━━━━━ DATASET EXTRACT

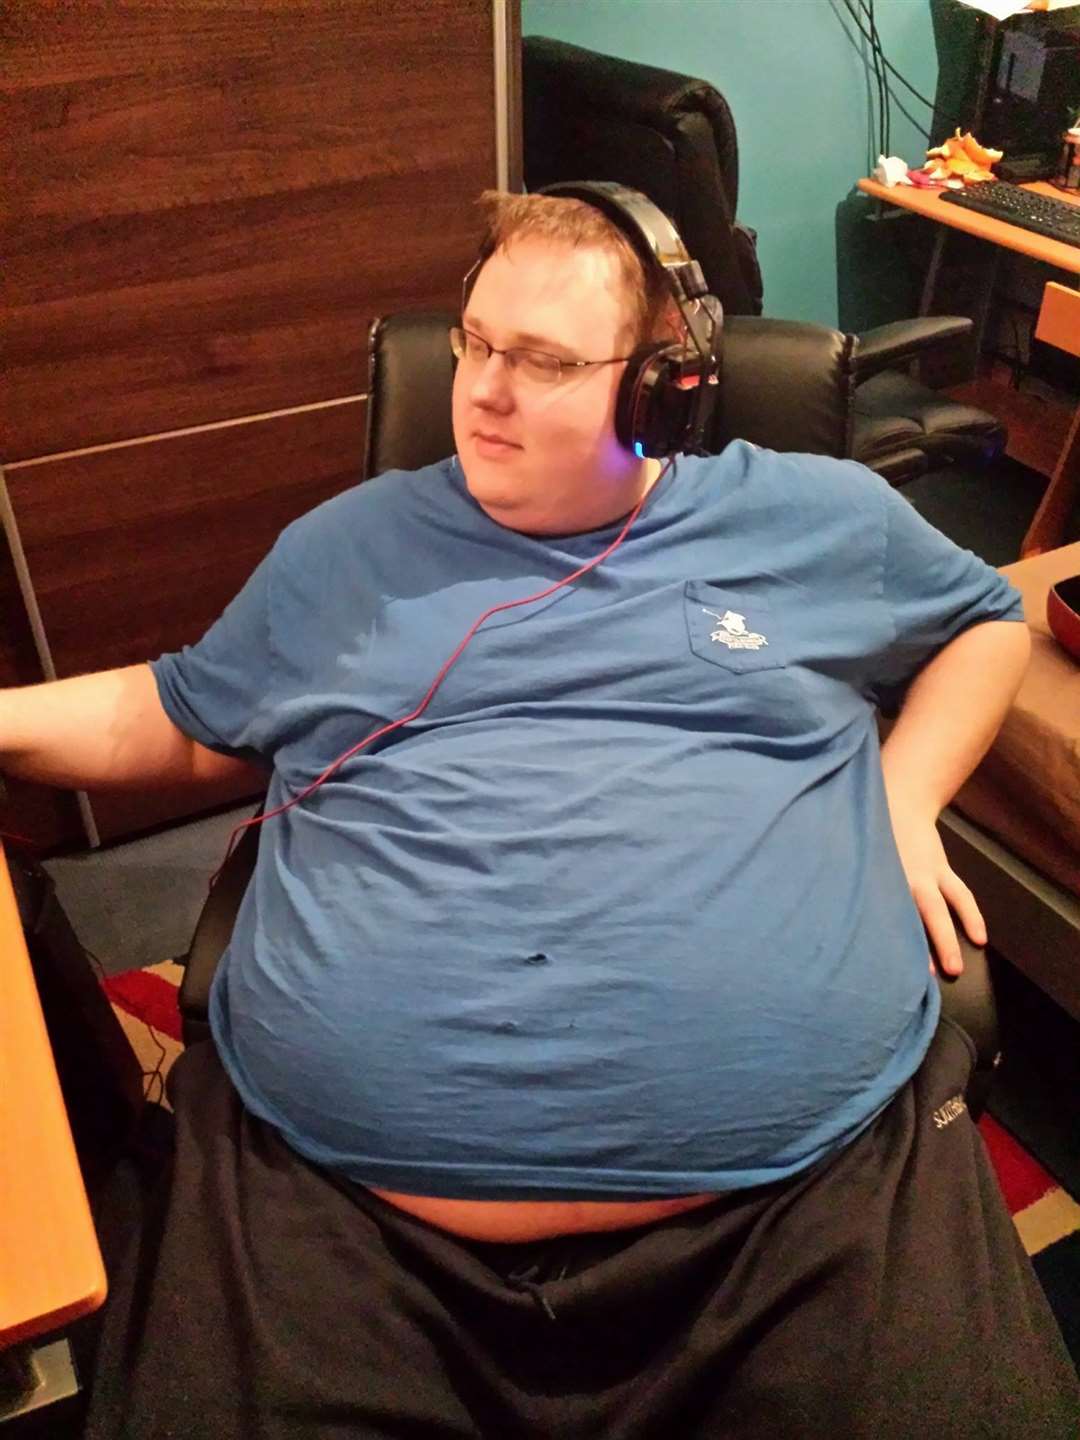 Former gaming addict David Breaker, from Gillingham, was left feeling suicidal when he weighed 32 stone
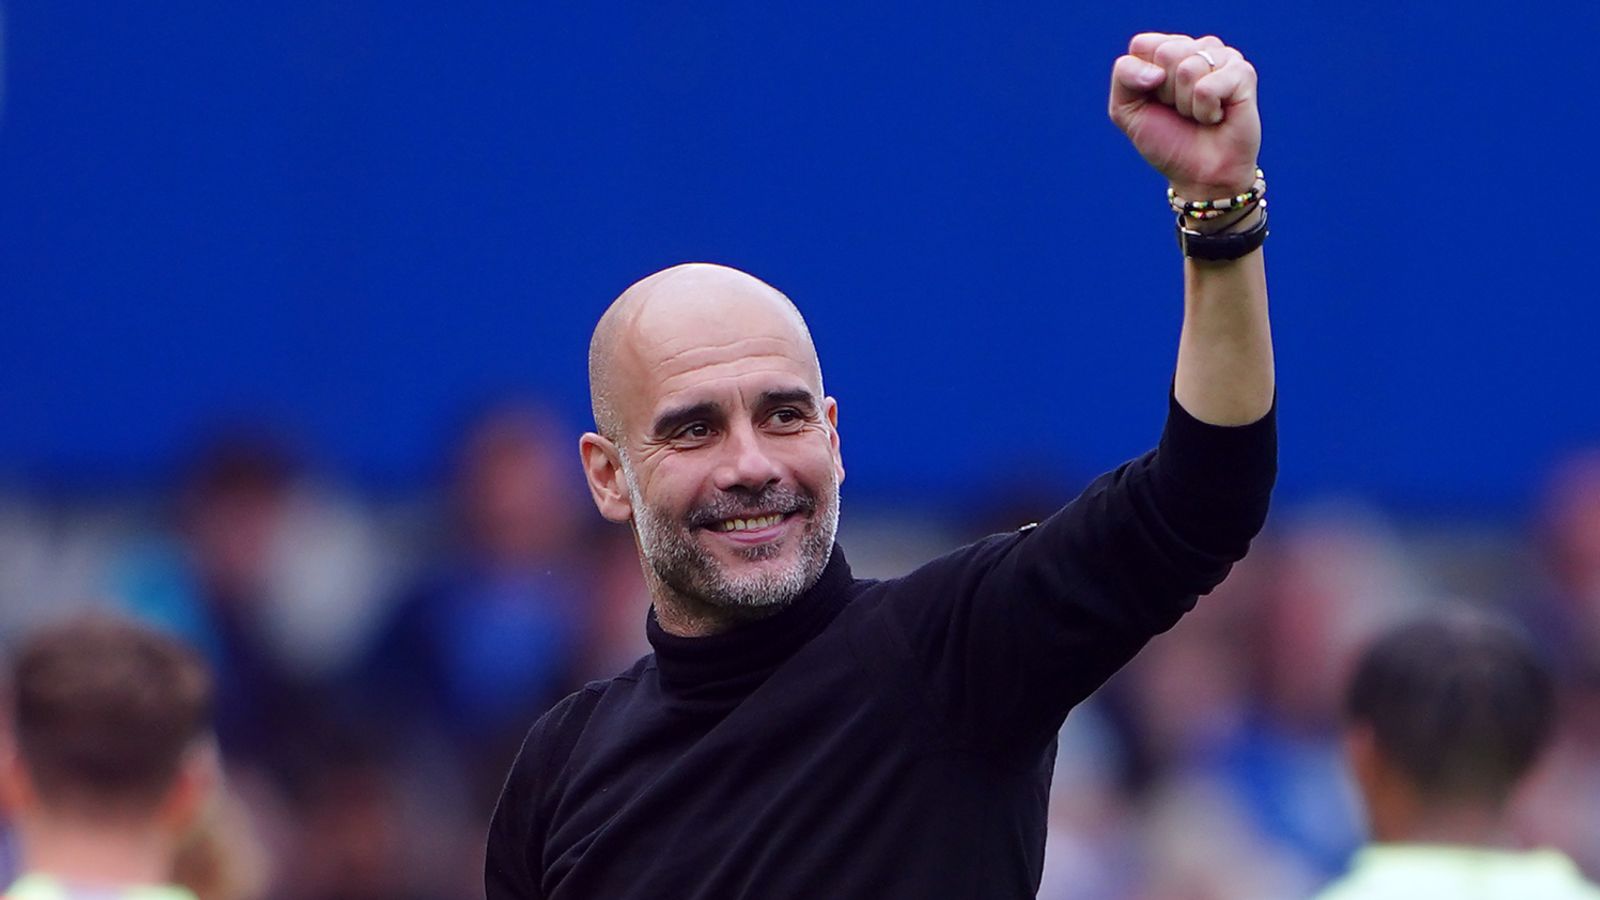 Pep Guardiola says his legacy is 'already exceptional' even if Man City don't win treble ahead of Real Madrid showdown | Football News
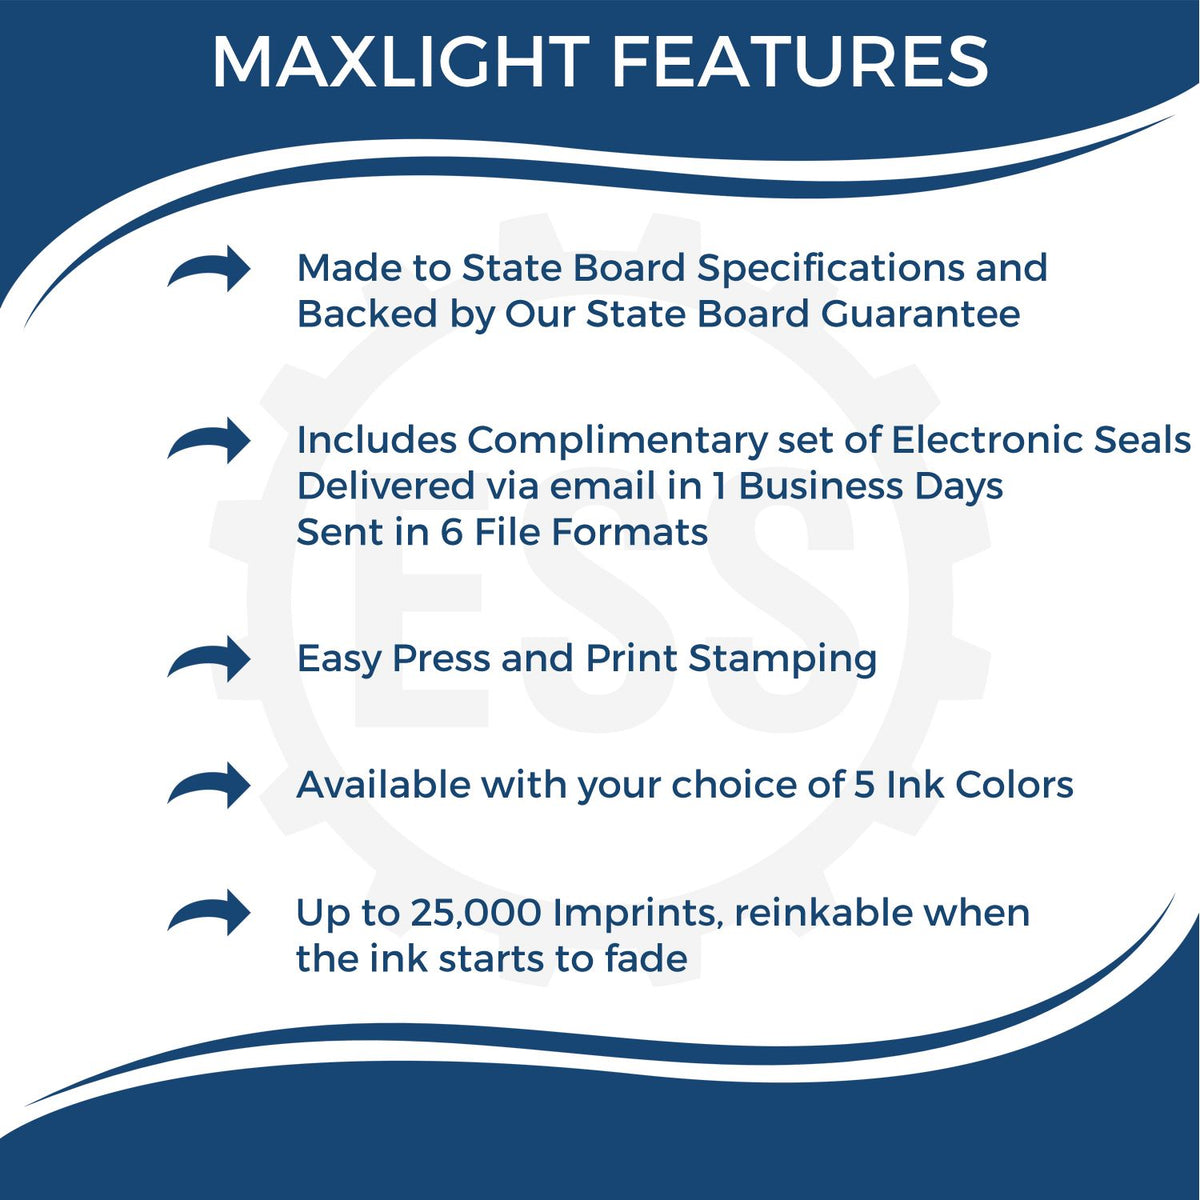 A picture of an infographic highlighting the selling points for the Premium MaxLight Pre-Inked South Carolina Landscape Architectural Stamp

━━━━━━━━━━

From the material above, reproduce everything verbatim except the pictures.

 Former gaming addict David Breaker, from Gillingham, was left feeling suicidal when he weighed 32 stone
 Pep Guardiola says his legacy is 'already exceptional' even if Man City don't win treble ahead of Real Madrid showdown | Football News
 A picture of an infographic highlighting the selling points for the Premium MaxLight Pre-Inked South Carolina Landscape Architectural Stamp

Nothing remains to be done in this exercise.